Many hospices are dependent on fundraising efforts and volunteers

Saunders believed in what she called "holistic" treatment for those with terminal conditions - all services coming via the same hospice. There are home visits, while phone calls and social media allow patients to stay in touch.

Hospice buildings are designed to be as uninstitutional as possible, architects concentrating in particular on peaceful gardens. St Richard's chief executive, Mark Jackson, emphasises the "therapeutic" nature of the main building, most of its inpatient rooms looking out over a pond.

But the basic task of hospices is not a pleasant or easy one. This is particularly the case where children are the people dealing with life-limiting illnesses. The charity Together for Short Lives says 49,000 have health life-threatening or life-limiting conditions, external.
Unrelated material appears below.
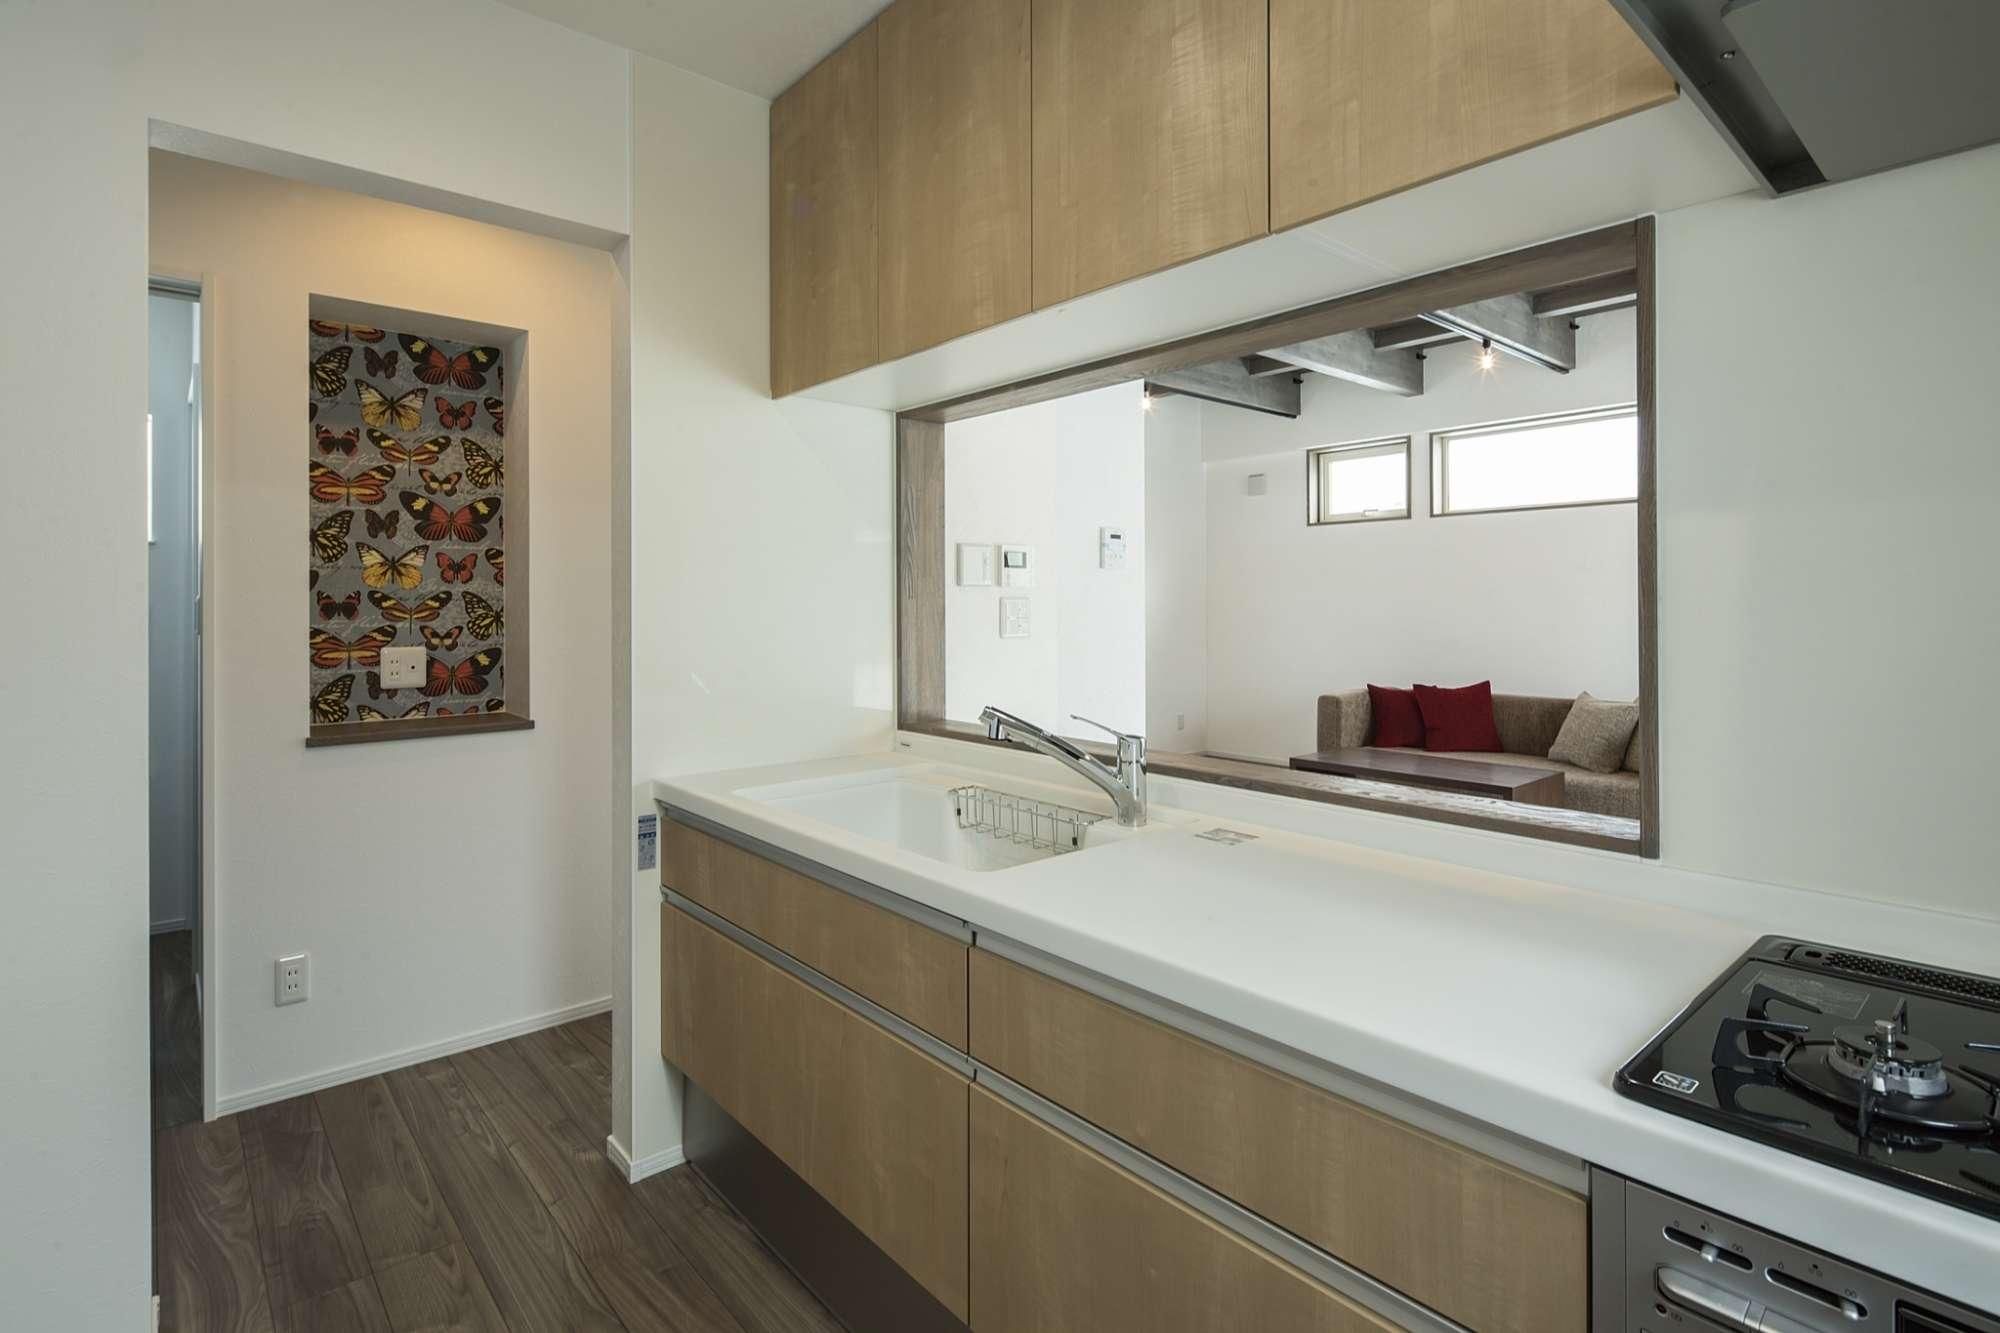 キッチンは落ち着いて料理ができる半個室のスペース -  -  -

Fifty-three specialist children's hospices services around the UK provide palliative care and, when death is judged to be imminent, end-of-life care.
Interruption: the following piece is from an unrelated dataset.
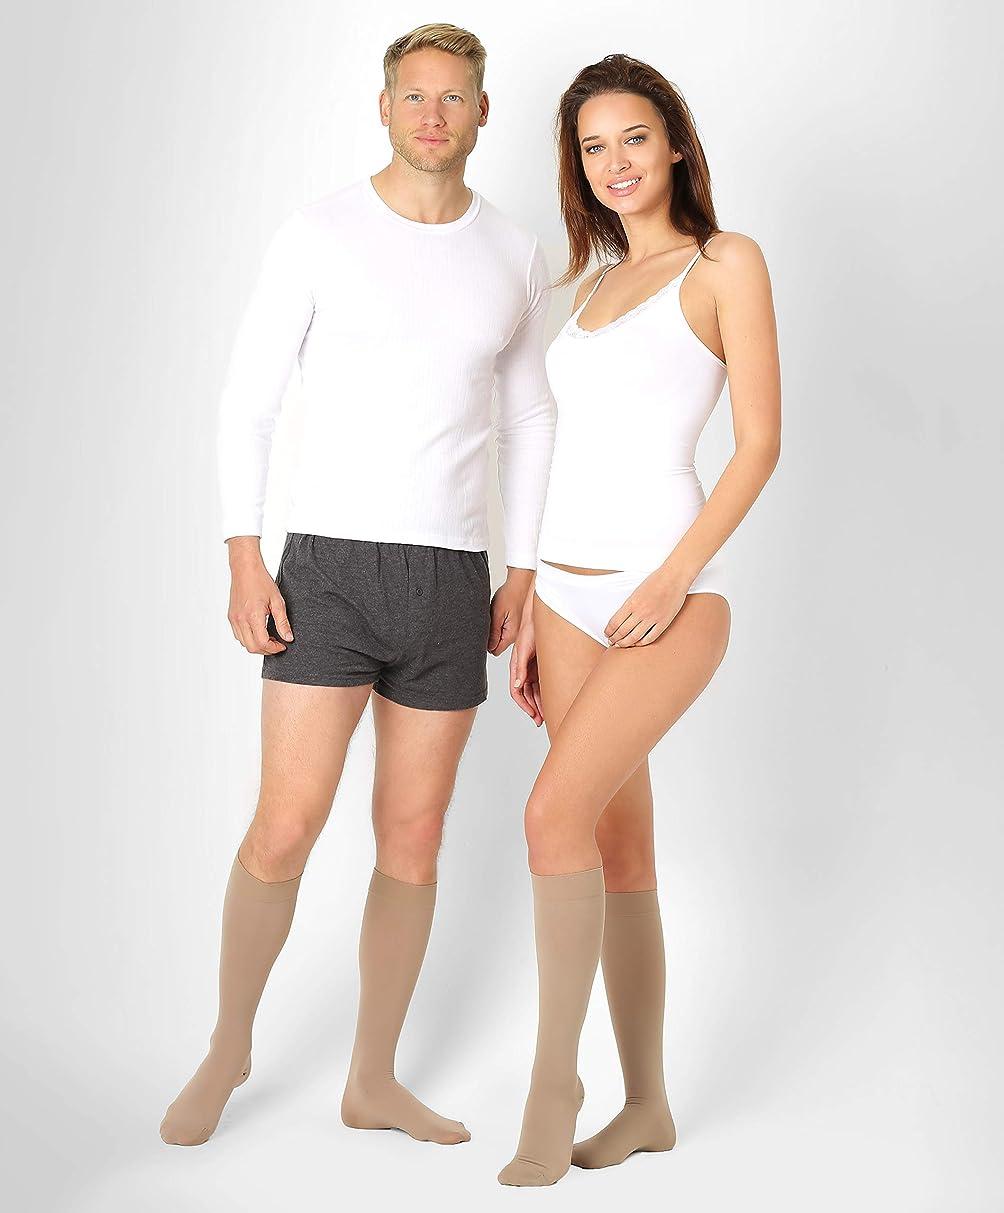 レイプ合意困惑するBeFit24 医療用着圧ソックス (10-18mmHg) 男性 と 女性用 ー あらゆるライフスタイルのニーズに対応 ヨーロッパ製 Small Beige 2rost

But the majority of people using hospice services are elderly, the demand set to grow as the UK's population ages. "I'd expect our services to become even more in-demand over the next few years," says Jackson.
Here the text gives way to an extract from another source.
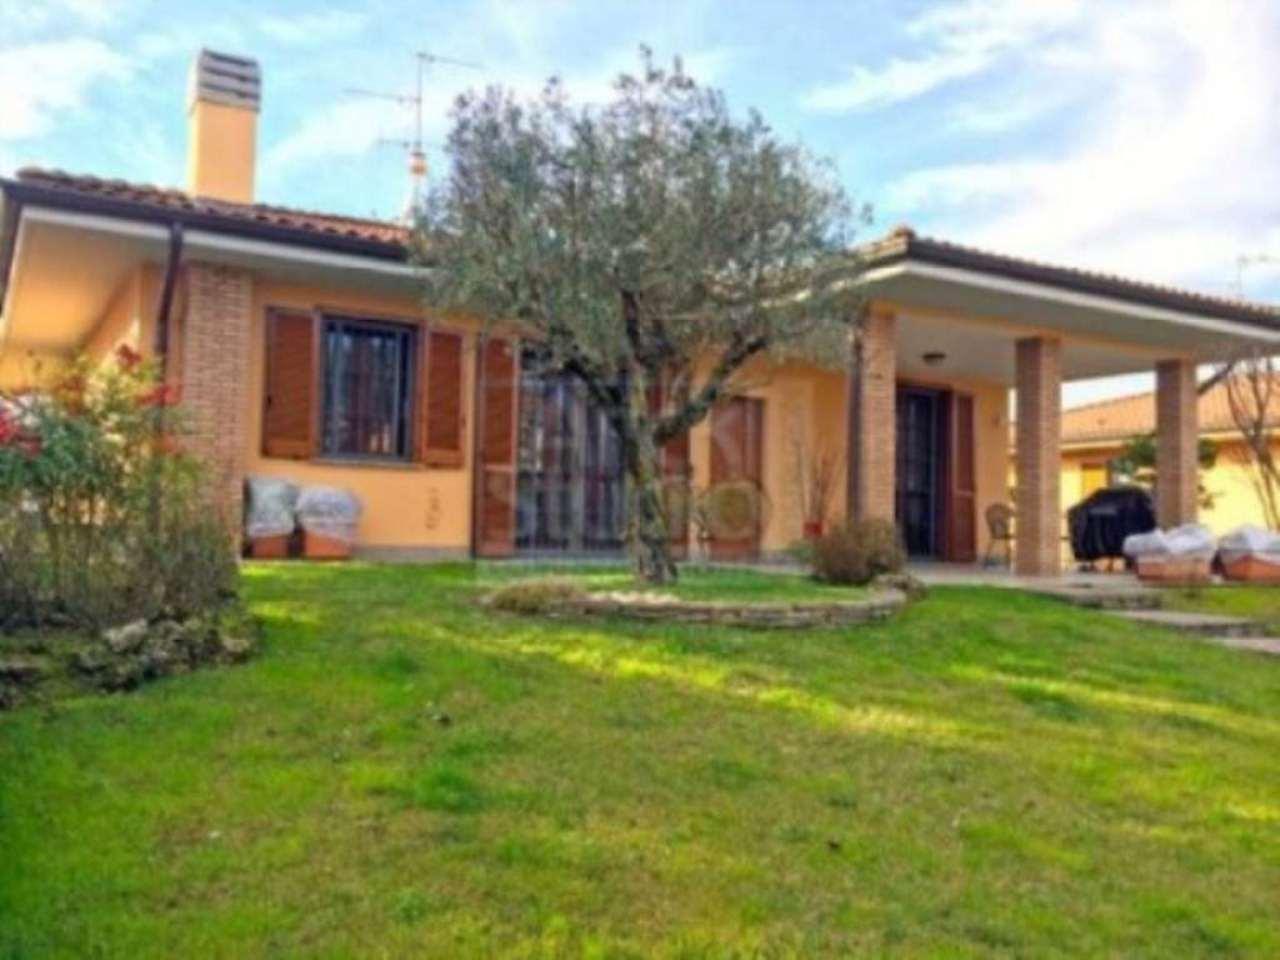 Villa in vendita a Truccazzano, 5 locali, Trattative riservate | Cambio Casa.it

Cicely Saunders was made a dame in 1980. In 2001 she was awarded the Conrad N Hilton Humanitarian Prize, worth £700,000, for her life's work caring for the dying.

Dame Cicely died in 2005, at the age of 87 - in St Christopher's.

Below is a selection of your comments.

"My partner died within 24 hours of being admitted to the John Taylor Hospice in Birmingham. I honestly believe he died because he finally felt he could "let go". I was there as he died and, it sounds mad, but it was an incredibly uplifting experience. I can't thank them all enough for what they did."

Jackie Staniforth, Sheffield, UK

"My elderly mother was transferred to the North London hospice from hospital in August as she was suffering from an acute circulatory disorder for which there was no treatment possible, apart from palliative care, owing to her great age and frailty. She was there for only a short time before she passed away but I am so glad that we decided to make the transfer as the care and compassion she received from the doctors and nurses were second to none. She died peacefully and free from pain. I cannot thank the staff enough."

Nichola Vincent, Brussels, Belgium

"My late wife had terminal secondary cancers following initially successful chemotherapy and operation for ovarian cancer stage 4b. Palliative care was the only option and for six weeks before her death she was cared for and treated at Rotherham Hospice in the most wonderful, caring and understanding manner. Her dignity was preserved to the end and her pain-management was undertaken with expertise and great patience.My family and I cannot thank the doctors and staff at the Hospice enough for their part in my wife's last weeks being so comfortable, peaceful and pain free."

John Beaven, Rotherham, UK

"Oakhaven Hospice in Lymington, Hampshire sent a private ambulance to collect my husband and cared for him amazingly until he died and me too. I will always owe everything to this hospice, they saved my husband and me and allowed him to die in a loving and safe environment and supported me throughout and gave me counselling afterwards."